Results of the companion biology study onto which patients were enrolled revealed that patients whose tumors harbored 1p36 loss of heterozygosity (LOH), unbalanced 11qLOH, or both had a significantly worse outcomes than patients whose tumors lacked these characteristics.19
Furthermore, because unbalanced 11qLOH was not associated with MYCN
-A, these factors may independently reflect more aggressive clinical behavior in what otherwise appears to be LR disease. In the COG NBL intermediate-risk trial ongoing at the time of this report, 1pLOH and unbalanced 11qLOH are used in addition to the factors of P9641 to assign risk and therapy. Whether these alone will improve prognostication remains to be seen. Microarray profiling has also shown promise in identifying patients with LR-NBL at greater risk for recurrence,20–23
and results of these studies might be evaluated for future risk stratification.

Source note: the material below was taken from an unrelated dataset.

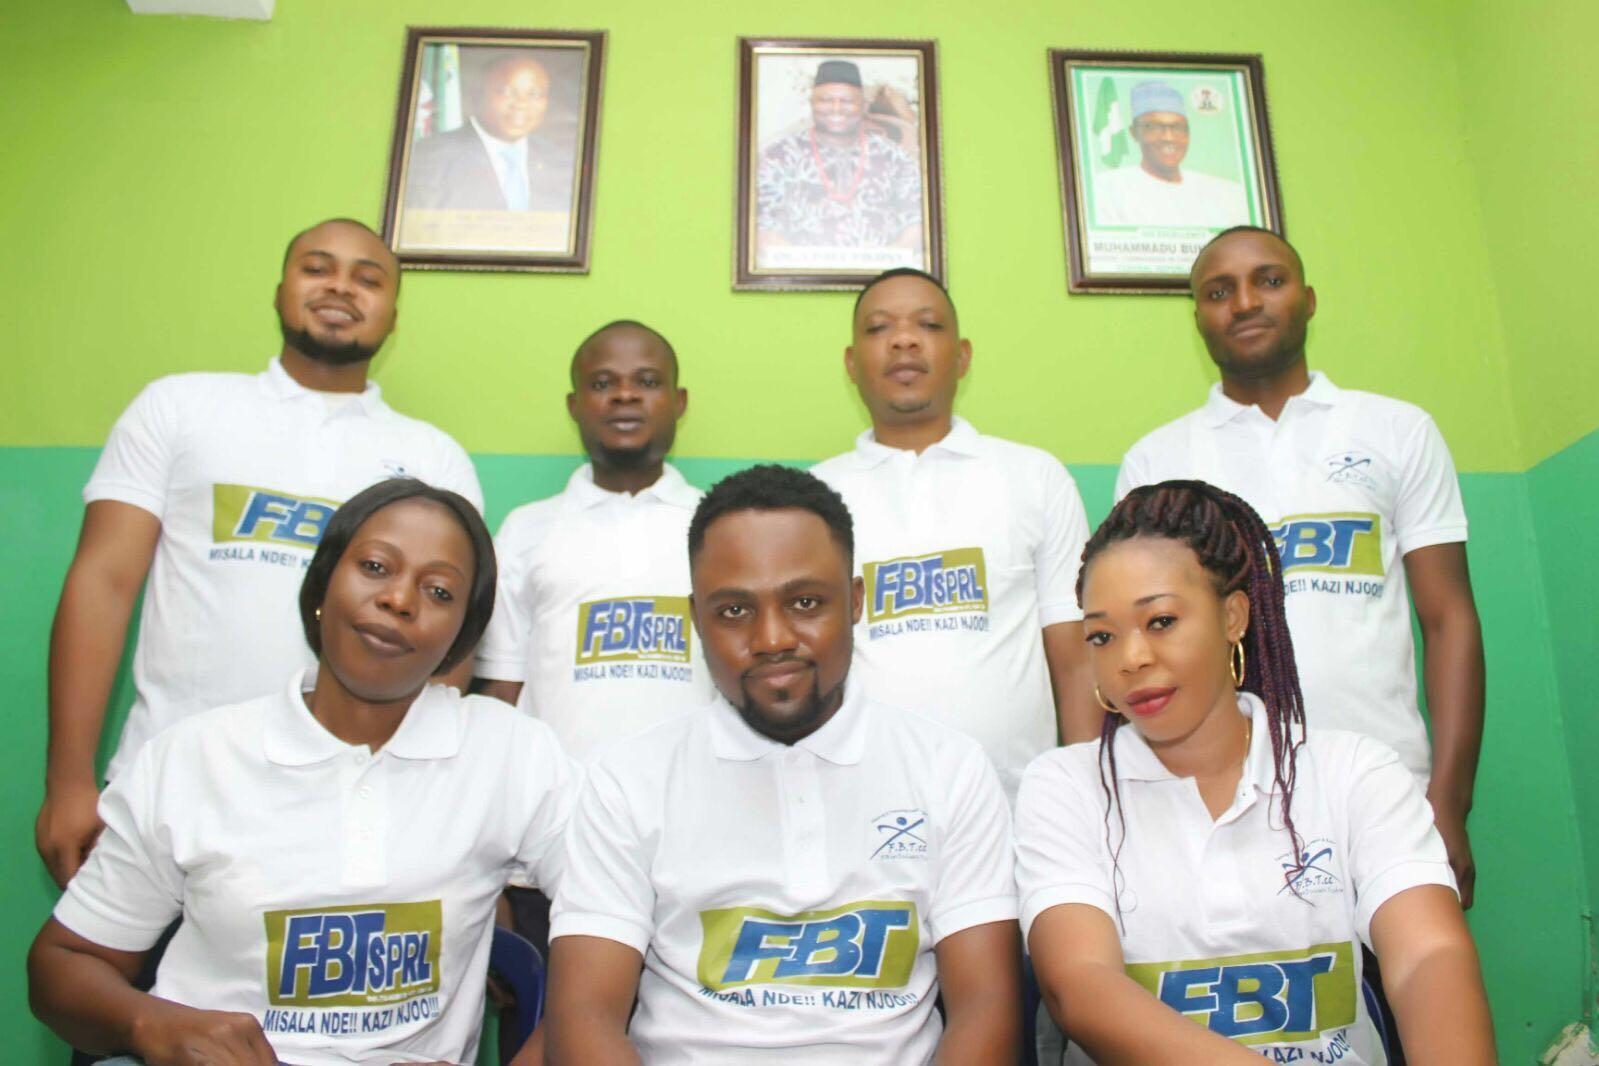 FBT Nigeria 6

The chemotherapy regimen used in this study had not been used in earlier trials. At the end of scheduled chemotherapy, 81% of patients had a partial response or better. In earlier POG trials, patients with less than complete response to chemotherapy would have proceeded to surgery to remove residual disease or to additional chemotherapy. In P9641, in which 79% of patients had less than complete response after chemotherapy, delayed resection was optional. Given the survival rates achieved on P9641, delayed resection of residual disease may not be necessary for cure of patients with LR-NBL.
In conclusion, our data demonstrate that the use of surgery alone is curative therapy for most patients with LR-NBL and that the use of chemotherapy may be restricted to specific situations. Patients need not undergo complete resection of disease to be cured by surgery alone. Children with MYCN-A stage 1 NBL and those with MYCN-NA stage 2b NBL who are ≥ 18 months of age or who have UH or diploid disease have a less favorable outcome than other low-risk patients. Further refinements of risk classification schema are needed for these patients. These refinements, further restriction of chemotherapy, and questions about the extent of surgical resection necessary for cure will be the goals of future studies.